The ROK Army’s 3rd Engineer Brigade and US 2nd Infantry Division carry out joint river-crossing exercises in Yeoncheon County, Gyeonggi Province, between March 6 and March 17, 2023. (courtesy of the ROK Army)
At the end of December, North Korean leader Kim Jong-un urged his military to make “preparations for a great event to suppress the whole territory of South Korea.” On Monday, during a meeting of the Supreme People's Assembly, he argued that the North’s constitution be revised to address “completely occupying, subjugating and reclaiming the ROK and annex[ing] it as a part of the territory of our Republic,” describing South Korea as North Korea’s “principal enemy.”
The chances of an unintended skirmish in the border region continues to elevate following the collapse of the Sept. 19 inter-Korean military agreement, a buffer-creating pact signed in 2018 that served to prevent military conflict, as South Korea’s government has hit back at Pyongyang by calling for the collapse of the North Korean regime.
With US-South Korea joint military exercises as well as a general election in South Korea on the calendar for this spring, it looks to be a season of unprecedented crisis on the Korean Peninsula.
The most notable of the aforementioned joint exercises is the Ulchi Freedom Shield, a two-week series of exercises scheduled for March. Originally, these exercises were mostly carried out via computer simulations. Starting last year, however, the exercises began incorporating more live training, featuring large-scale formations and heavy equipment. US nuclear-powered aircraft carriers and strategic bombers are expected to arrive in South Korea. North Korea has lambasted South Korea-US military exercises as “war games” done in preparation for an invasion of North Korea,” responding with its own exercises as well as missile launches.
North Korea normally conducts its winter exercises from December to March. Now that the Sept. 19 military pact has gone up in smoke, Pyongyang is expected to conduct live artillery drills and tactical exercises on the regiment level along the Military Demarcation Line. As all military communication channels between the two Koreas have been cut off, there’s an increased chance of a misfire or a misunderstanding that leads to an armed clash.

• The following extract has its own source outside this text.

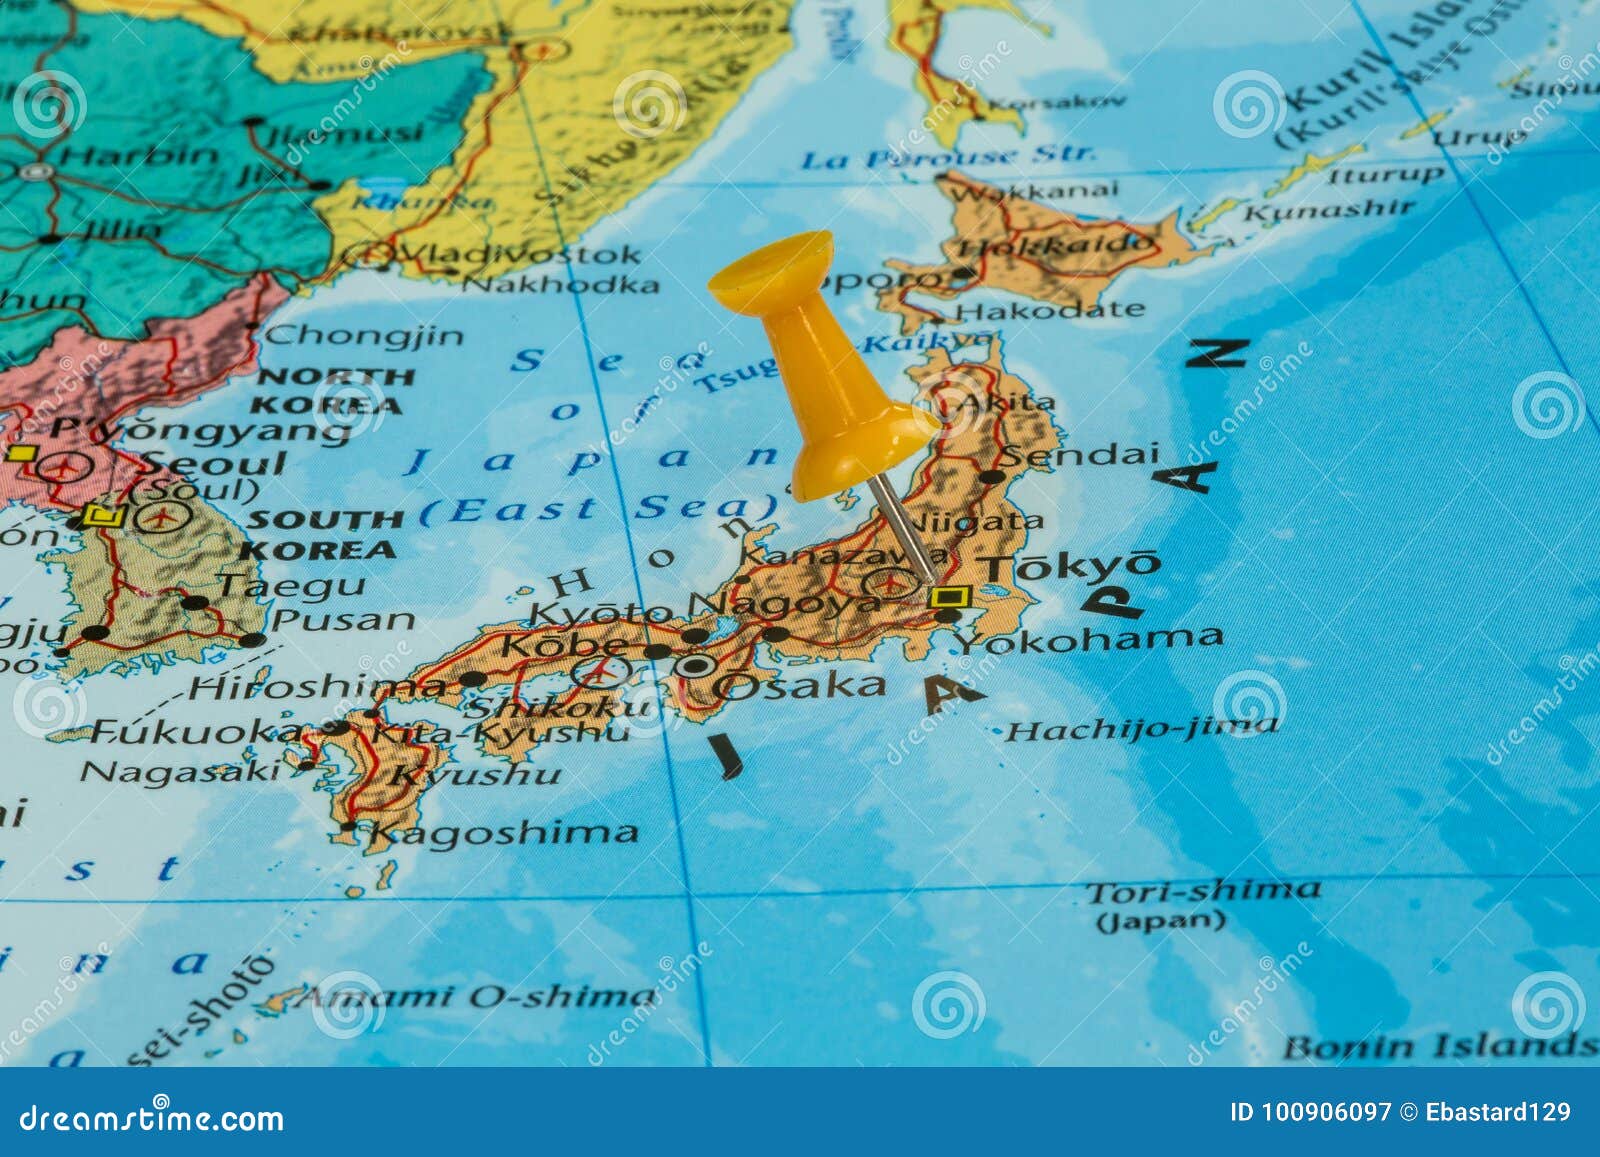 Karte von Japan stockbild Bild von rand staatsverwaltung

Whether civilian organizations will resume the release of propaganda balloons from near the inter-Korean border also remains a variable. While prevailing westerly winds impede the flight of such balloons over the border in the winter, there’s a good chance that groups will begin sending them once there’s a change in the wind in March. Were North Korea to use anti-air artillery to try to shoot down the propaganda balloons, it could end with bullets falling south of the armistice line, leading to kinetic engagement between South and North.
Once the ice thaws by late March, the North will begin its naval field maneuvers and artillery drills in the vicinity of the Northern Limit Line off the peninsula’s western coast. May and June are when the blue crab fisheries near Yeonpyeong Island are busiest; these crab crops bring fishing vessels from North and South Korea to this border area, which in turn prompts the North and South Korean navies to enter the waters as well. The two battles of Yeonpyeong Island (1999 and 2002) both occurred in June.

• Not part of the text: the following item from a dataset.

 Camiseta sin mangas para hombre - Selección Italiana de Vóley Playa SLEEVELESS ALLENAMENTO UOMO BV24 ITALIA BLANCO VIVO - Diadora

The risk of an armed clash near the Northern Limit Line this year is higher than usual. During a meeting of the Supreme People's Assembly on Monday, Kim Jong-un said, “The illegal ‘northern limit line’ and any other boundary can never be tolerated, and if the ROK violates even 0.001 mm of our territorial land, air and waters, it will be considered a war provocation.”
In response, Jeon Ha-gyu, the spokesperson from South Korea’s Ministry of National Defense, said, “The NLL is the de facto maritime border that has been defended with the lives of many of our fallen soldiers, and it is our military’s resolute stance that it will protect and defend the NLL whatever the circumstances may be.”